Google Analytic's Code Scraper
For SEO purposes, I mocked together a quick script to scrape clients websites to make sure that they had Google analytics setup on their sites. It searches for the known code “UA-“ which is the standard starting letters for Google analytics. Go and try it out! (On sites that your allowed to scrape that is! :P) Yes I am well aware there are many caveats, such as any enterprise tracking or non-google, but for a low tier website hosting company this sufficed plenty.
#!/bin/bash
# usage ./analytics-scrape.sh www.slowb.ro anayltics-output.txt
# real world usage:
# for item in $(cat domains-that-we-scrape.txt); do echo $item; ./analytics-scrape.sh www.$item analytics-output.txt; done
# I would suggest that you test domains without www. first and it will throw an error for that site. If it does, then you already have a bad start to your seo practices.
site=$1;
output=$2
regex="UA-[1-9]*-*[1-9]"
atauaid=$(wget $site -qO- -U 'Mozilla/5.0 (Windows NT 5.1; rv:10.0.2) Gecko/20100101 Firefox/10.0.2' -T 30 --tries=3)
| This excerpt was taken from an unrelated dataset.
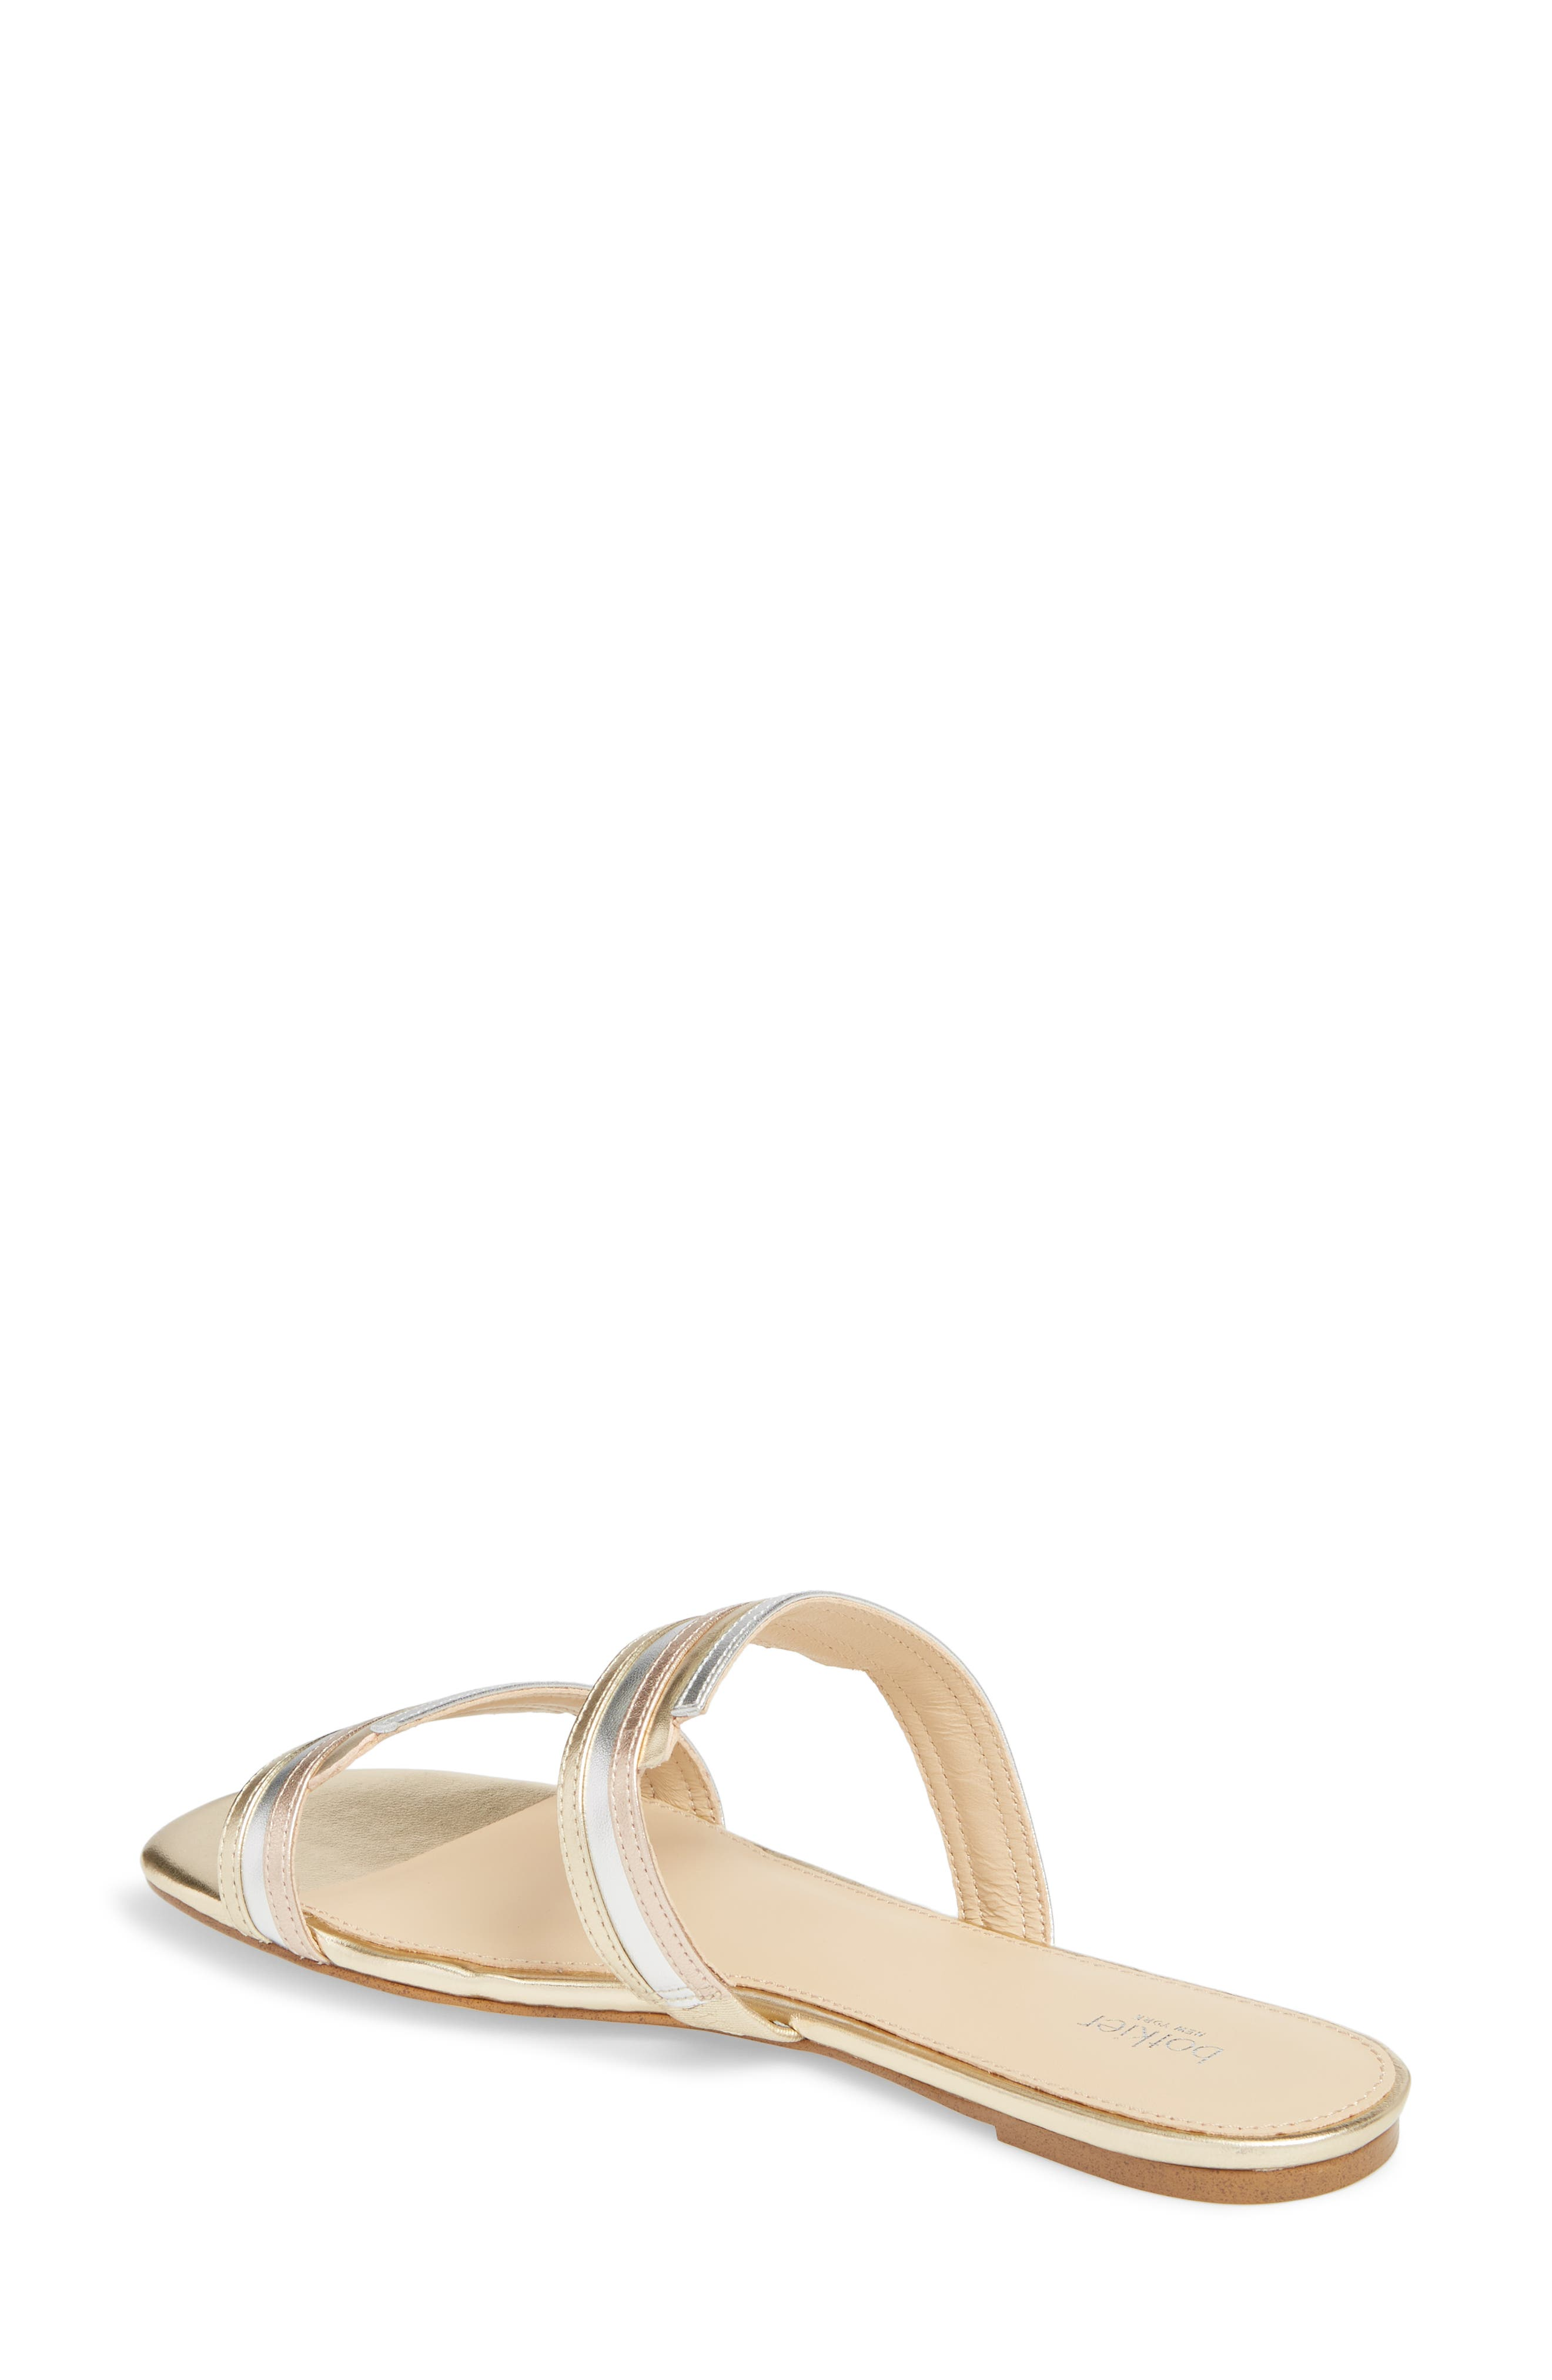 Maise Slide Sandal,                             Alternate thumbnail 2, color,                             Ivory Multi Leather

if [ "$atauaid" != "" ]; then
uaid=$(echo -n "$atauaid" | grep UA- | grep -v verification | grep -v X-UA | head -n 1 | awk -F"'" '{ for (i=1;i<=NF;i++) if ($i ~ /UA-/) print $i }');
if ! [[ "$uaid" =~ "UA*" ]]; then
uaid=$(echo -n "$uaid" | awk -F'"' '{ for (i=1;i<=NF;i++) if ($i ~ /UA-/) print $i }');
fi
if [[ "$uaid" =~ $regex ]]; then
echo "$site , $uaid , match ," >> $output
else
_uaid=$(echo -n "$atauaid" | grep UA- | grep -v verification | grep -v X-UA | awk -F"'" '{ for (i=1;i<=NF;i++) if ($i ~ /UA-/) print $i }')
if ! [[ "$_uaid" =~ "UA*" ]]; then
_uaid=$(echo -n "$_uaid" | awk -F'"' '{ for (i=1;i<=NF;i++) if ($i ~ /UA-/) print $i }');
fi
if [[ "$_uaid" == "" ]]; then
echo "$site , $_uaid , missing" >> $output
else
echo "$site , $_uaid , backupmatch" >> $output
fi
fi
else
echo "Scraping $site FAILED" >> $output
fi